When the rules of reality change, even in trivial ways, can AI adapt as seamlessly as humans do?

Try it now:

Overview

This project investigates whether Large Language Models (LLMs) can reason effectively in absurd world models through a custom game called Absurd Soccer.
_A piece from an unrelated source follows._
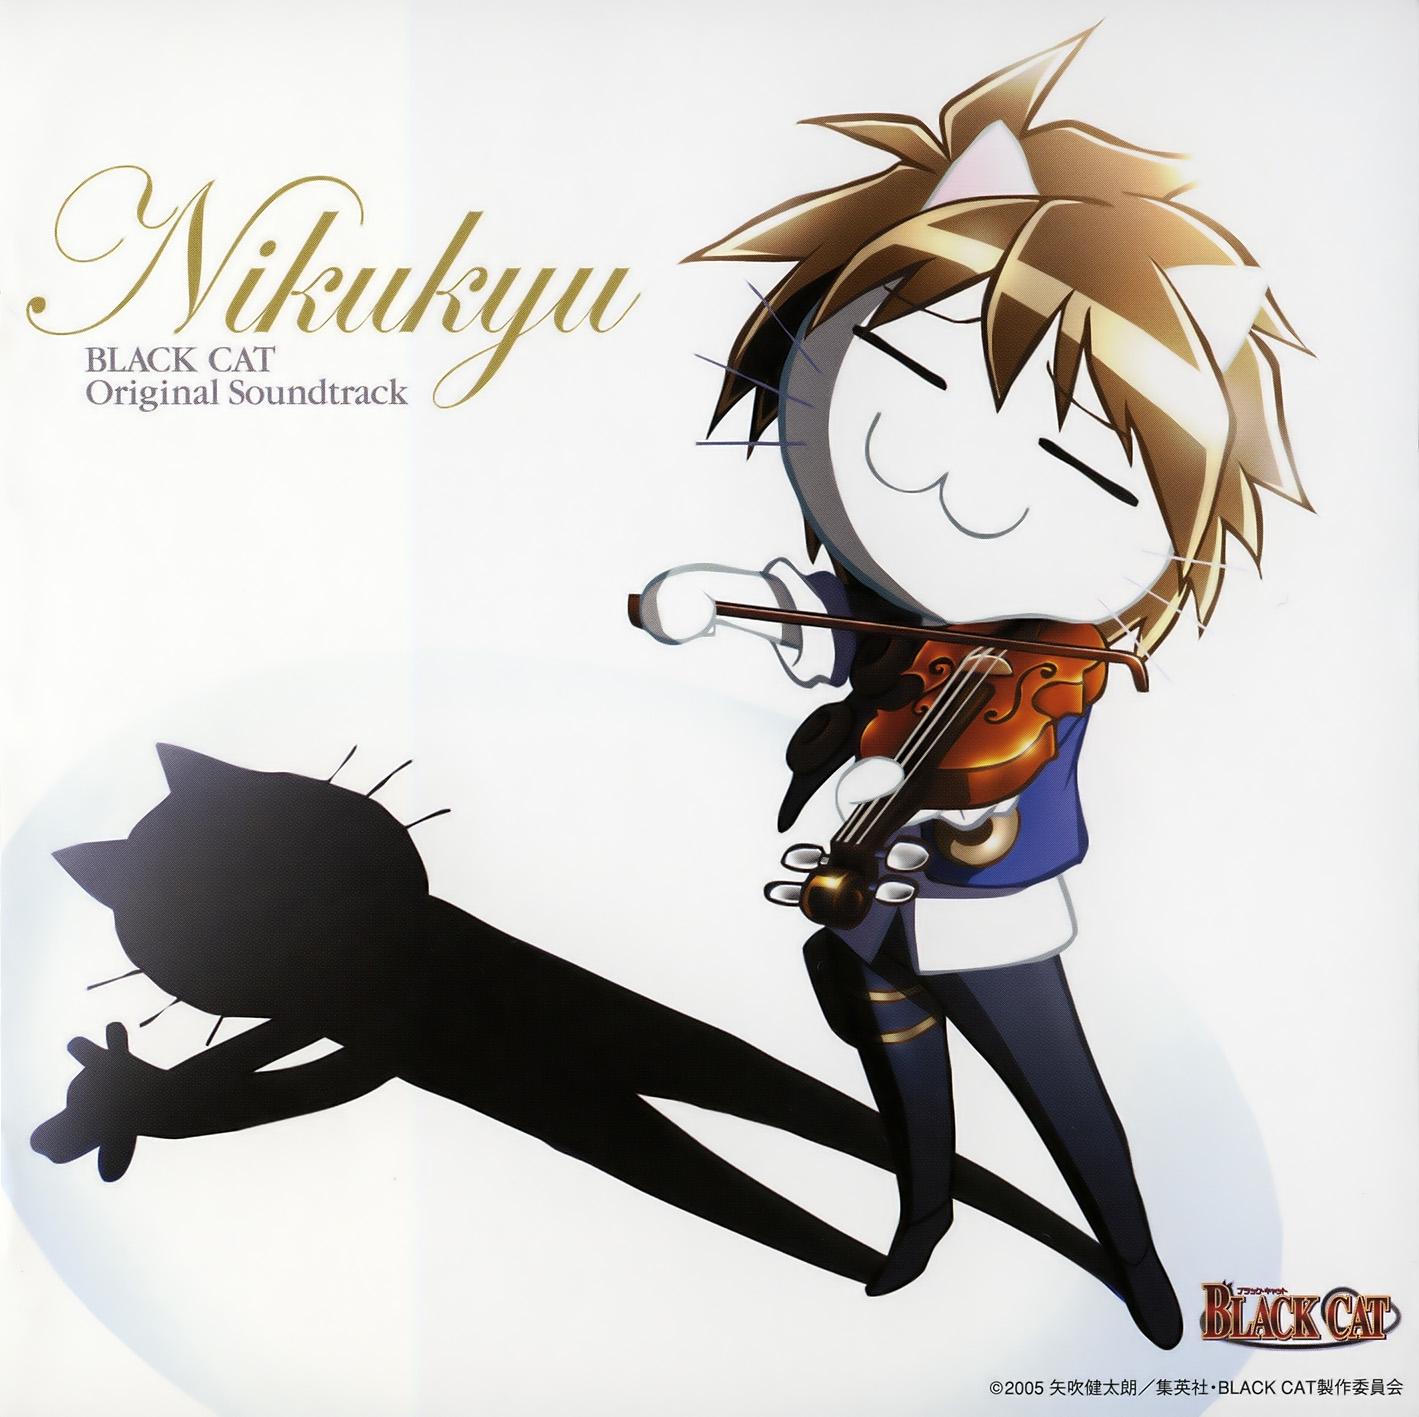 Black Cat Quot Nikukyu Quot Original Soundtrack Black Cat Wiki

By creating variations of soccer rules, we test if LLMs can solve small tasks, problems that humans can perform with limited memory, when the rules deviate from standard expectations.

Why This Matters

This work explores whether models can:

Adapt to rule variations (e.g., "lowest score wins" instead of "highest score wins")
Handle symbolic role reversals (e.g., "shooting a net into a ball")
Maintain reasoning capabilities when world models differ from their training data

Absurd Soccer isolates these capabilities by using a familiar domain (soccer) with systematically modified rules.

Why Soccer?

Universal familiarity - Everyone understands basic rules
Simple domain - Isolates reasoning from complexity
Systematic variations - Clear rule modifications
Easy verification - Deterministic outcomes
Minimal memory - Humans solve effortlessly

Example Scenario

Methodology

Game: Absurd Soccer

Each variant modifies the REAL ruleset through:

Changing roles of symbols (e.g., shooting a net into a ball)
Changing score mechanics (e.g., team with least score wins)

REAL Ruleset

Two teams of players
Each team starts with a score of 0
Five matches per game
Teams alternate shooting a ball at a net
Hitting the net increases score by 1
Highest score wins

Rule Variants

Ruleset	Modification	Change Ttpe
`REAL`	No modification	N/A
`MISSING`	Score increases by 1 when a shot misses	Score mechanics
`LEAST`	Team with the lowest score wins	Score mechanics
`ICE CREAM`	Team earns ice cream when hitting the net	Score mechanics
`CAR`	Team earns cars when hitting the net	Score mechanics
`SWITCH`	Teams shoot a net into a ball (roles reversed)	Roles of symbols
`MISS & SWITCH`	Combination of MISSING and SWITCH	Both

Tasks

Determine Outcome (DO)

Models receive game commentary and ruleset
Task: Determine which team won
Metric: Accuracy of predicted winner

Determine Outcome Few-Shot (DOFS)

Models receive 3 correct question-answer pairs
Then answer a new question with the same ruleset
Metric: Accuracy of predicted winner

Models Tested

We evaluated 17 models across three categories:

Cheap Models ($0.1-$0.5 per million input tokens)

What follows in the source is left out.